To give students an idea of the type of activism and tangible change that is possible at the local level, I contacted the Baird Creek Preservation Foundation, which is the steward of the Baird Creek Greenway, a small but ecologically diverse area of the parks system in Green Bay.  Baird Creek is a thin but extended stretch of land surrounding a meandering rust-colored stream that contains old growth forest and a diverse array of trees, plants, and animals.  It is the host of hiking, biking, and snowshoe trails, various other recreational opportunities, and serves as an important site for ecological research by local college professors, science teachers, and students.[xi] [6]  I invited Charlie Frisk, the president of the foundation’s board and an area high school science educator, to visit my seminar with two of his former students.  They gave a wonderful multimedia presentation on Baird Creek and the work that young people from area schools have done there over the years.  It was clear that the students had learned much through their research at Baird Creek—both noted that they wanted to become science teachers—though Charlie commented that collaboration between area schools and the Baird Creek Preservations Foundation had waned in recent years.

 

The story of Baird Creek was both instructive and inspiring for my students.  In 1996, a controversy arose over the future of a 35-acre parcel that was known as Baird Creek Heights, which was located adjacent to a different city park near the Greenway.  The land was zoned as parkway and the city had intended to purchase the land and add it to the existing Baird Creek Park system.  But in 1996, the City of Green Bay received pressure to rezone this wooded area as residential land, which would be divided into smaller parcels and turned into expensive housing by a developer.  Charlie provided our class with a letter he wrote to the Green Bay Press-Gazette where he lambasted the city’s political leadership for choosing the interests of the so-called “homeless wealthy” over the preservation of “a spectacular piece of land with oaks, hemlocks, and white pines bigger than any” he had seen in Northeast Wisconsin.[xii] [7]  Motivated by the potential loss of this land to housing for the rich, the Baird Creek Preservation Foundation, founded in 1997, raised awareness and hundreds of thousands of dollars that prevented the land from development, and ultimately it was added to the Greenway.  The campaign was a massive success and illustrated to my students several things, including the importance of being connected to one’s land and the power of citizens to successfully pressure various formidable institutions.

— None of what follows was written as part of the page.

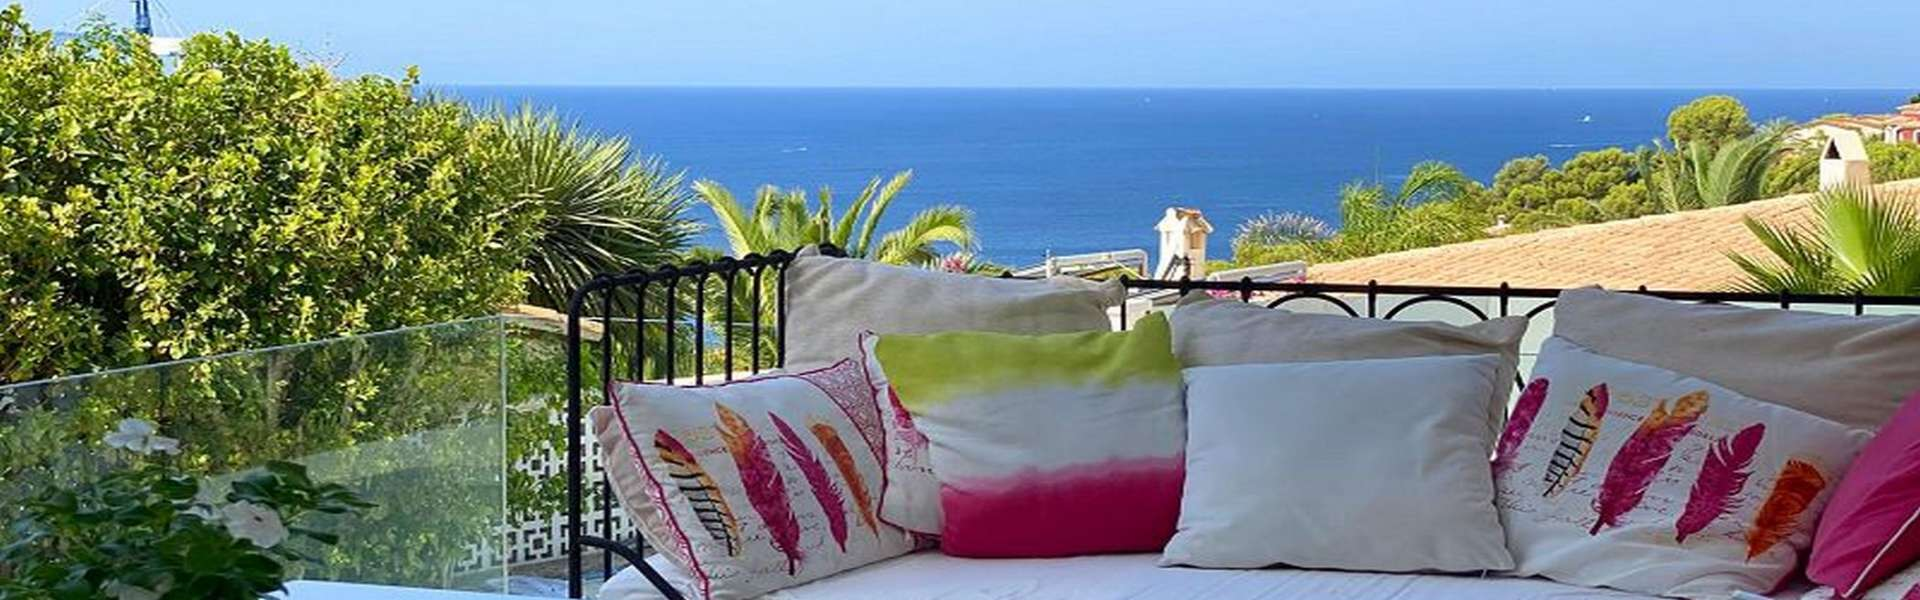 Costa de la Calma - Moderne Villa mit Meerblick zum Verkauf

The week after Charlie’s presentation, the seminar voted on their project.  Groups presented four potential campaigns.  One group proposed a campus cleanup day after the spring thaw of both the four-mile arboretum that rings our campus and the campus as a whole, perhaps also integrating a campaign to increase recycling efforts on campus.  A second proposal suggested working with our local wildlife sanctuary, volunteering with its rehabilitated native animal species.  The third suggestion was a letter-writing and consciousness-raising campaign focusing on the aforementioned taconite mine.  Finally, several groups put forward Baird Creek as the project’s focus.  Baird Creek won handily on the first ballot, as students were greatly moved by Charlie Frisk’s presentation as well as some of the readings we had engaged in to that point in the semester, particularly a story from Terry Tempest Williams.  Reflecting on an effort of citizens in Castle Rock, Utah to prevent the development of precious desert lands, Williams noted, “We had no money.  We had no power.  We had only our shared love of home and a desire for dialogue with the open spaces that defined our town.”[xiii] [8]  Drawing inspiration from both Baird Creek and Williams’ inspiring words, the seminar chose local engagement as the direction they wanted to go.  My students named their endeavor the Wild Phoenix Project, combining our seminar’s focus on wilderness with our university’s mascot who, of course, is modeled after the long-lived bird of Greek mythology that is constantly reborn.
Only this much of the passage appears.